**What to produce**.
Restate the listing below word for word; no picture is to be carried over.

Data extract Start Marker

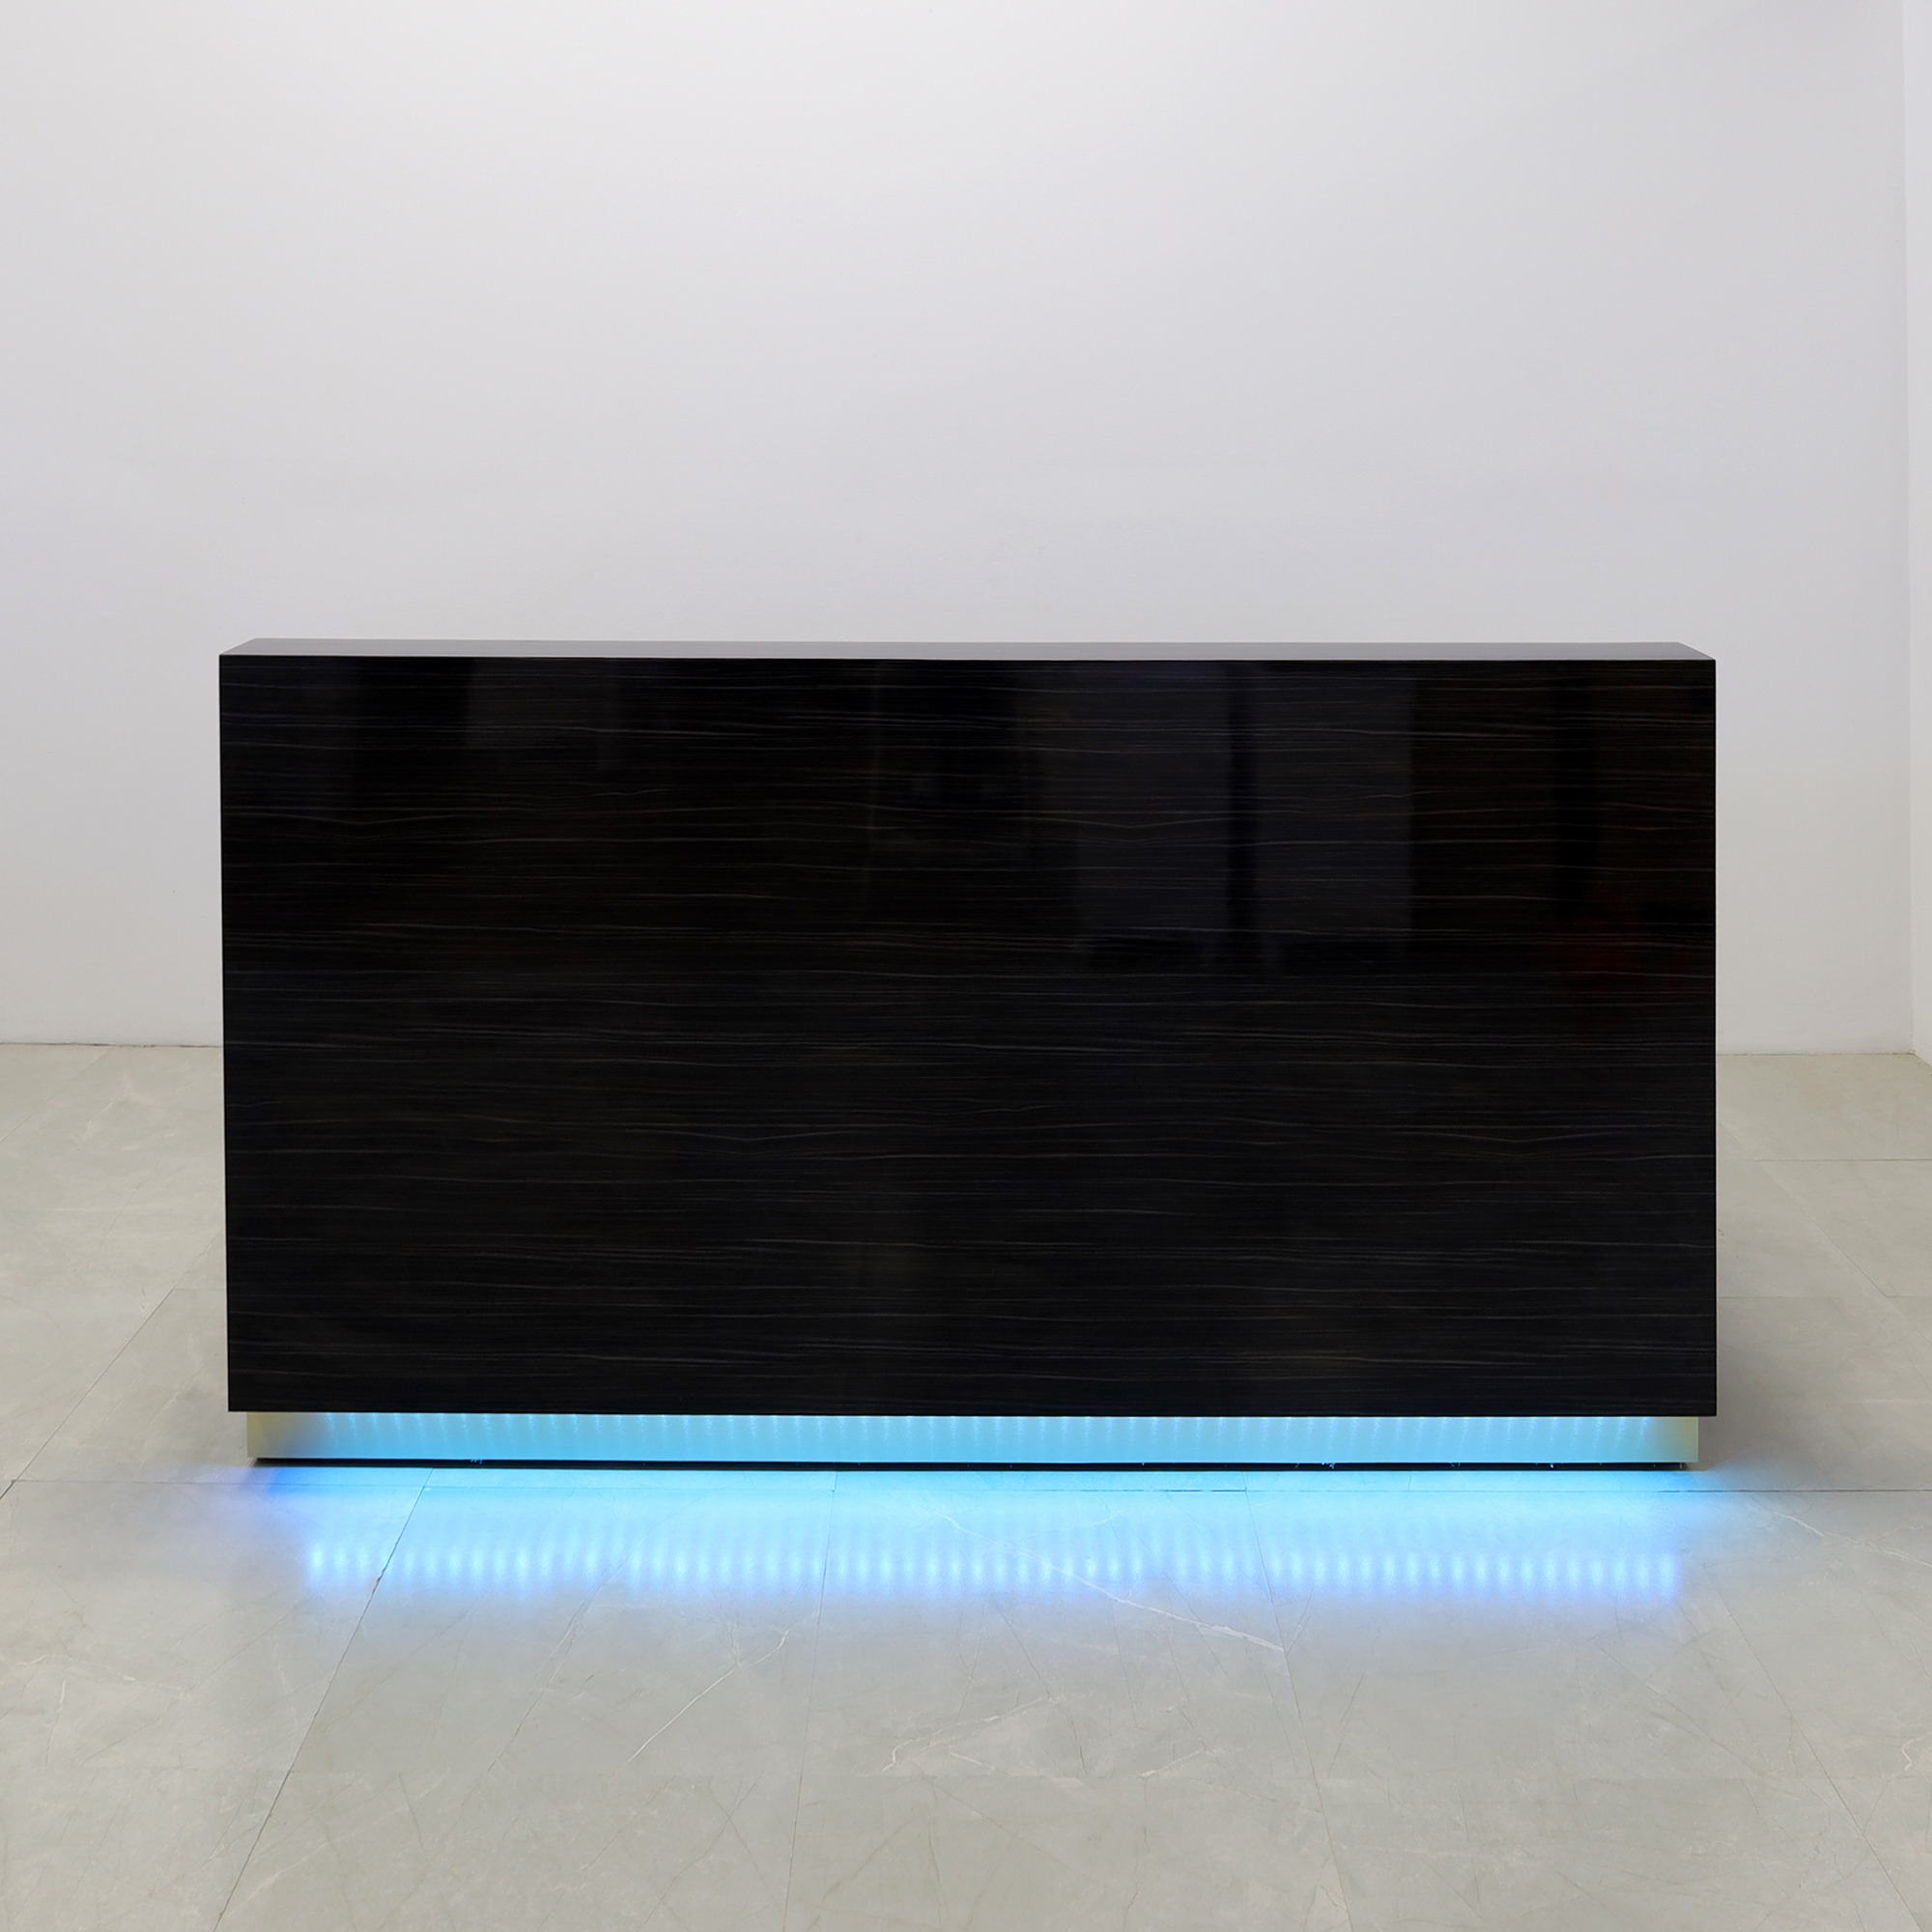 84-inch Dallas Straight Custom Reception Desk in special madagascar gloss laminate main desk and bruhed aluminum toe-kick, with color LED, shown here.
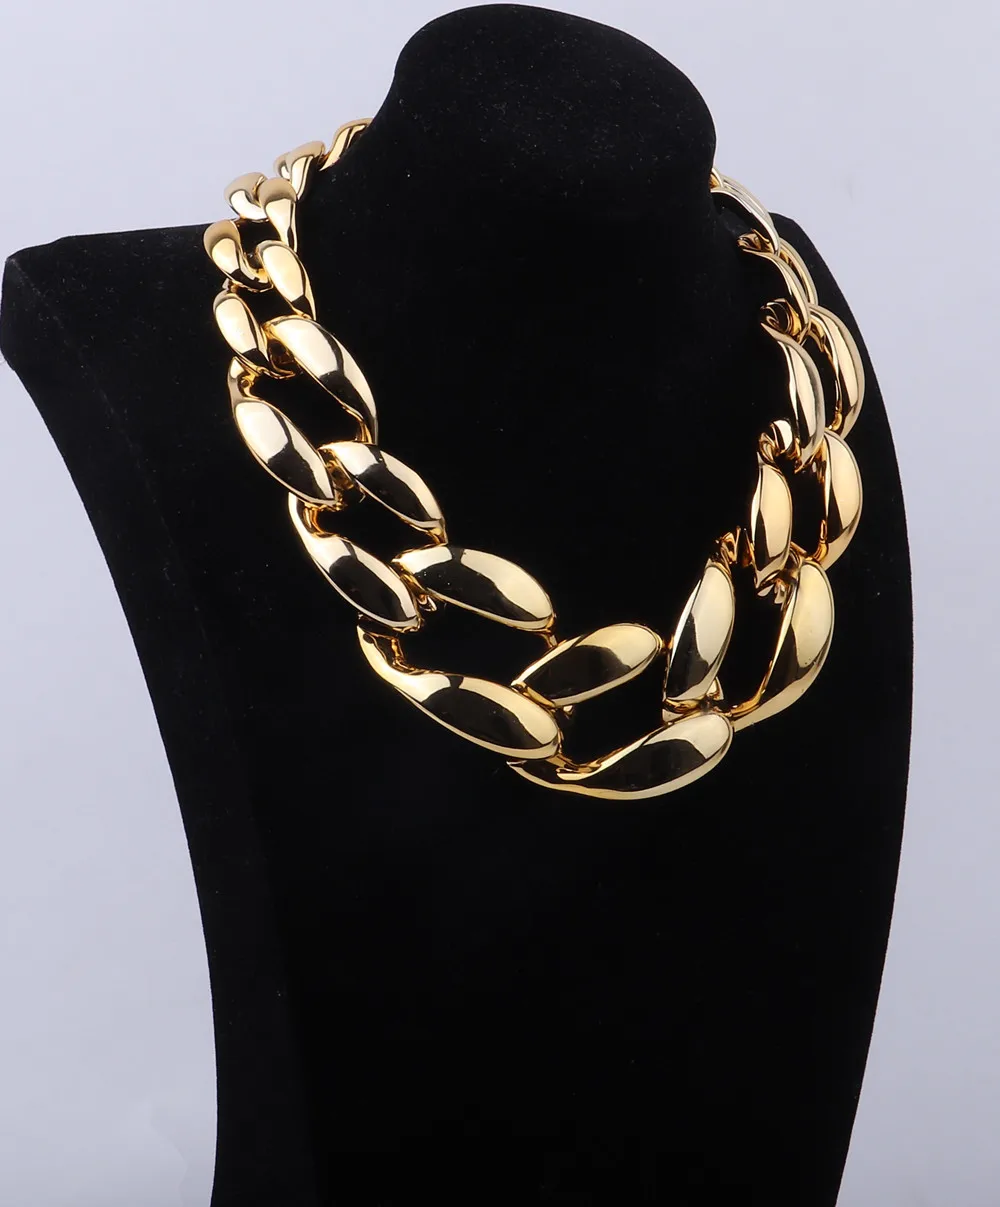 Chunky Chain Necklace Acrylic Link Necklace Long Chain -   Chunky  chain necklaces, Fashion necklace, Black necklace statement
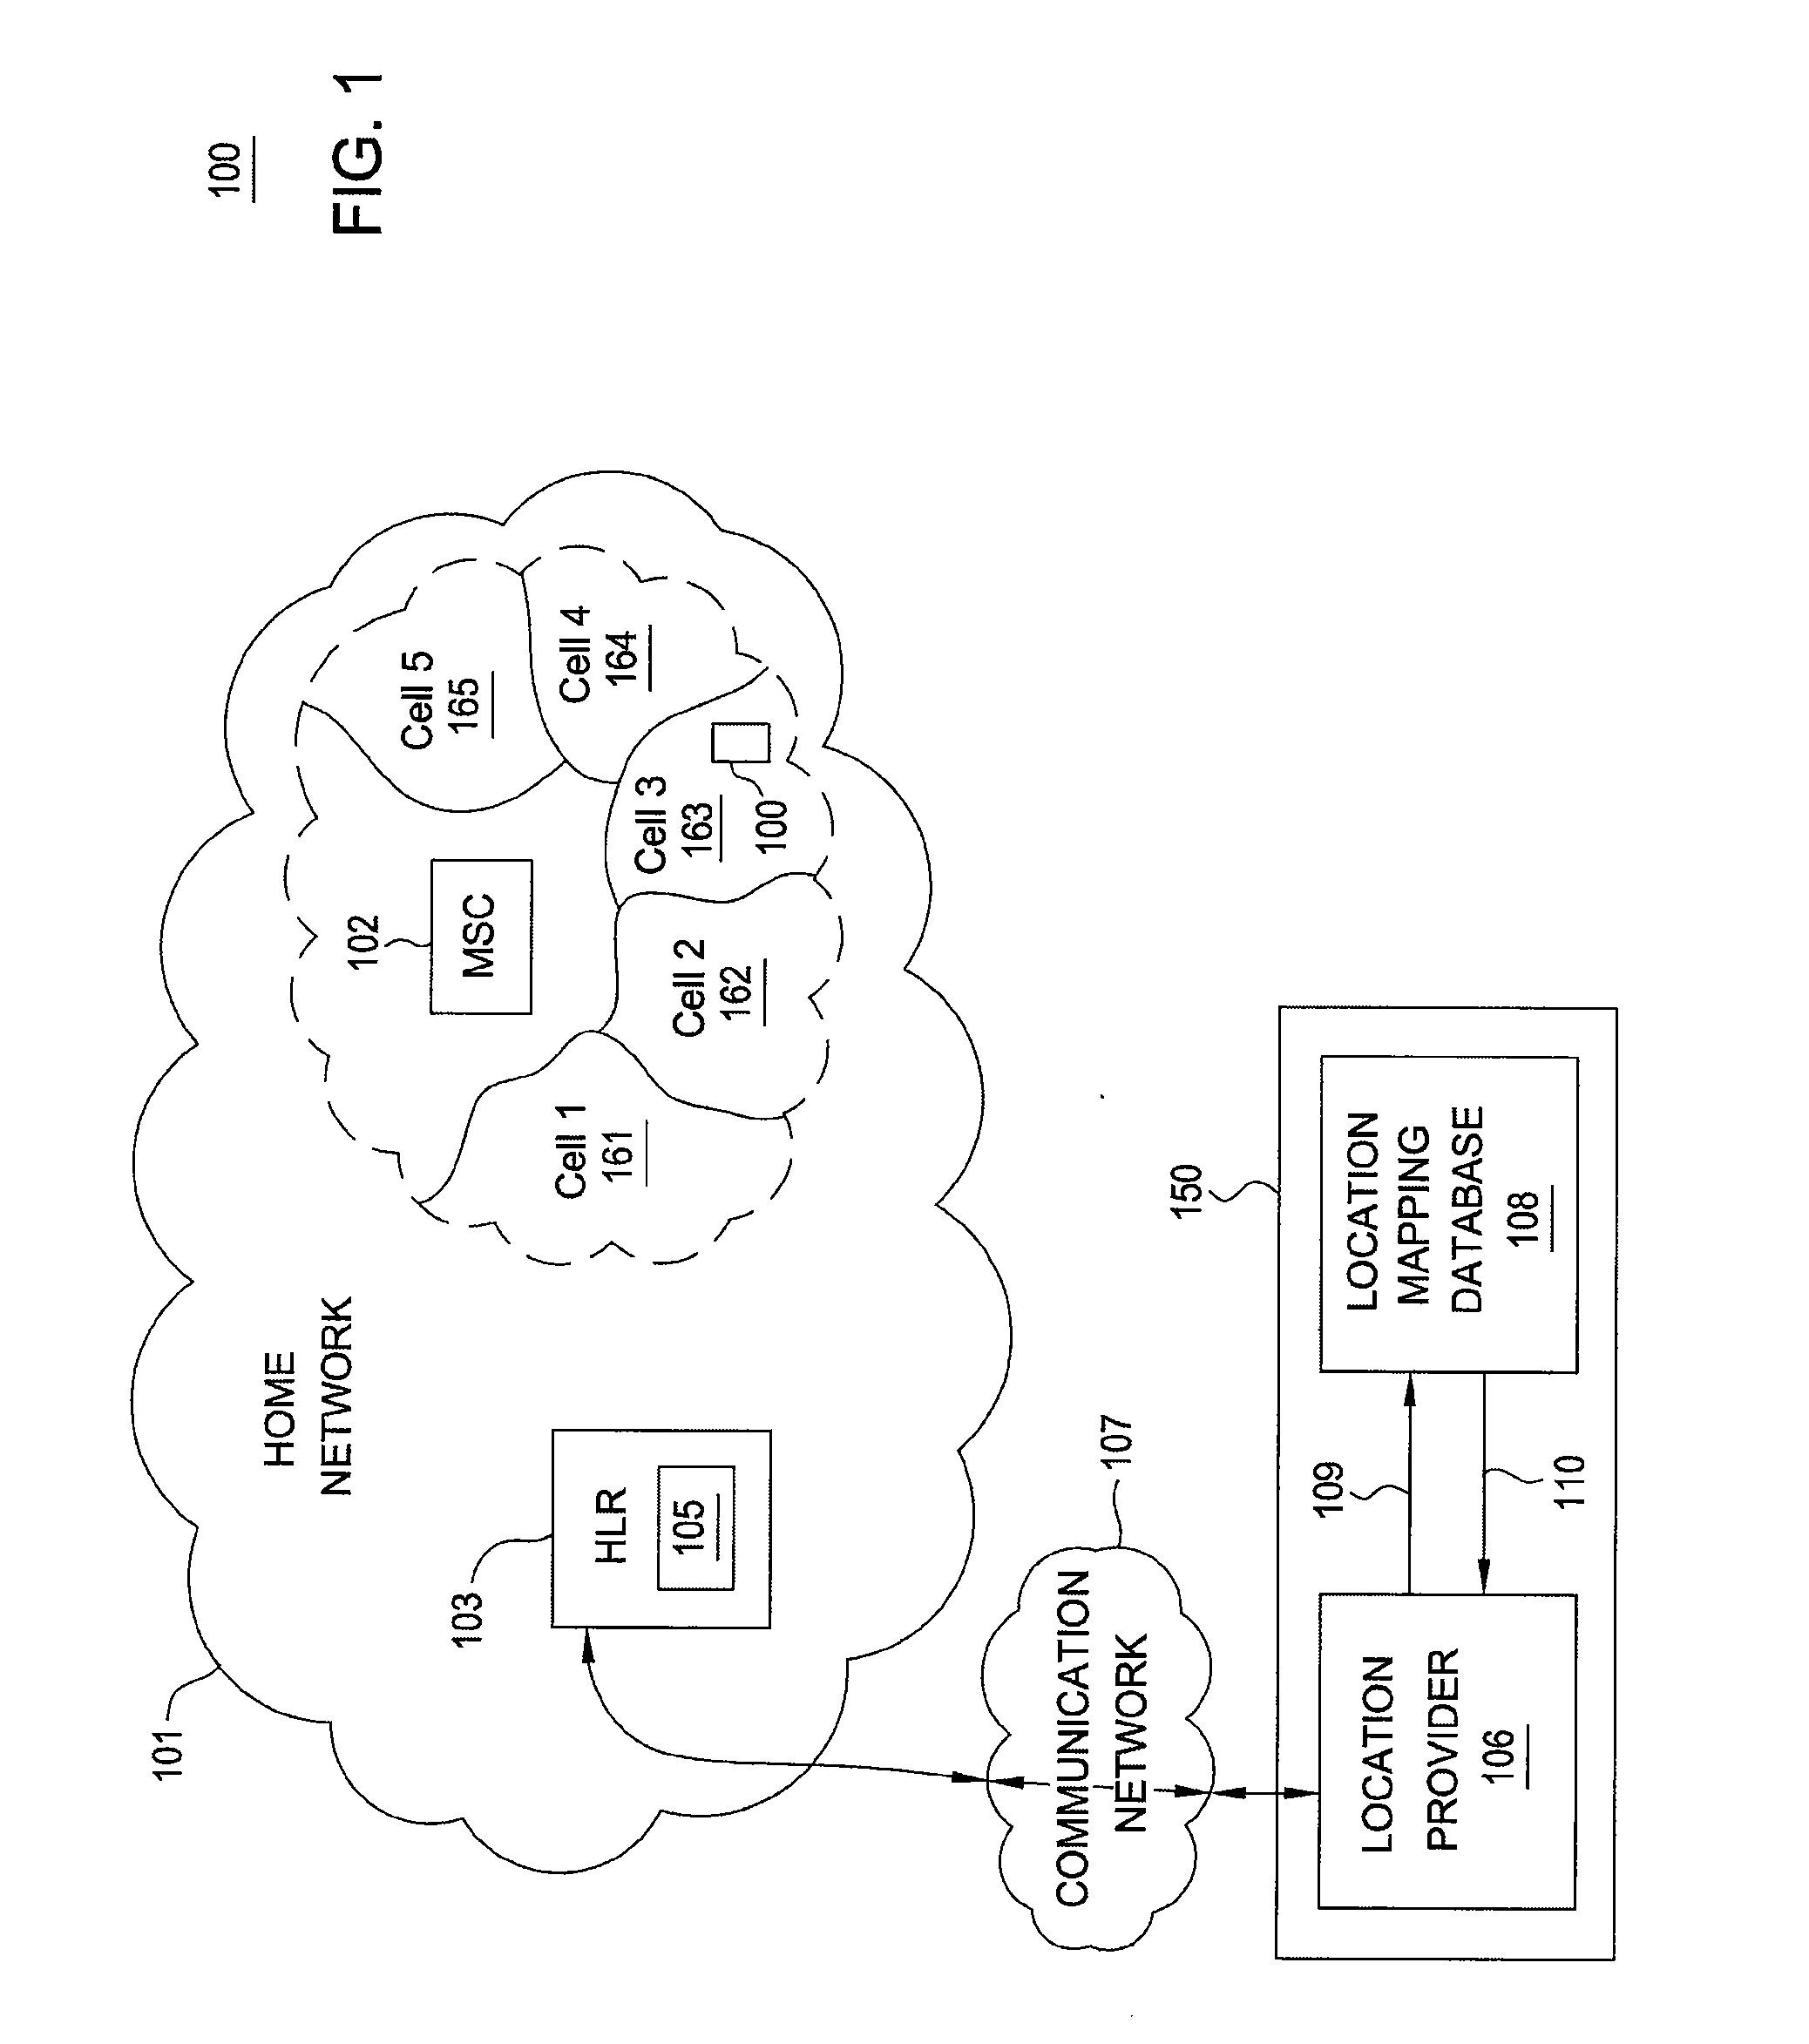 System and method for credit card transaction approval based on mobile subscriber terminal location

Data extract End Marker

**Written answer**.
 84-inch Dallas Straight Custom Reception Desk in special madagascar gloss laminate main desk and bruhed aluminum toe-kick, with color LED, shown here.
 Chunky Chain Necklace Acrylic Link Necklace Long Chain -   Chunky  chain necklaces, Fashion necklace, Black necklace statement
 System and method for credit card transaction approval based on mobile subscriber terminal location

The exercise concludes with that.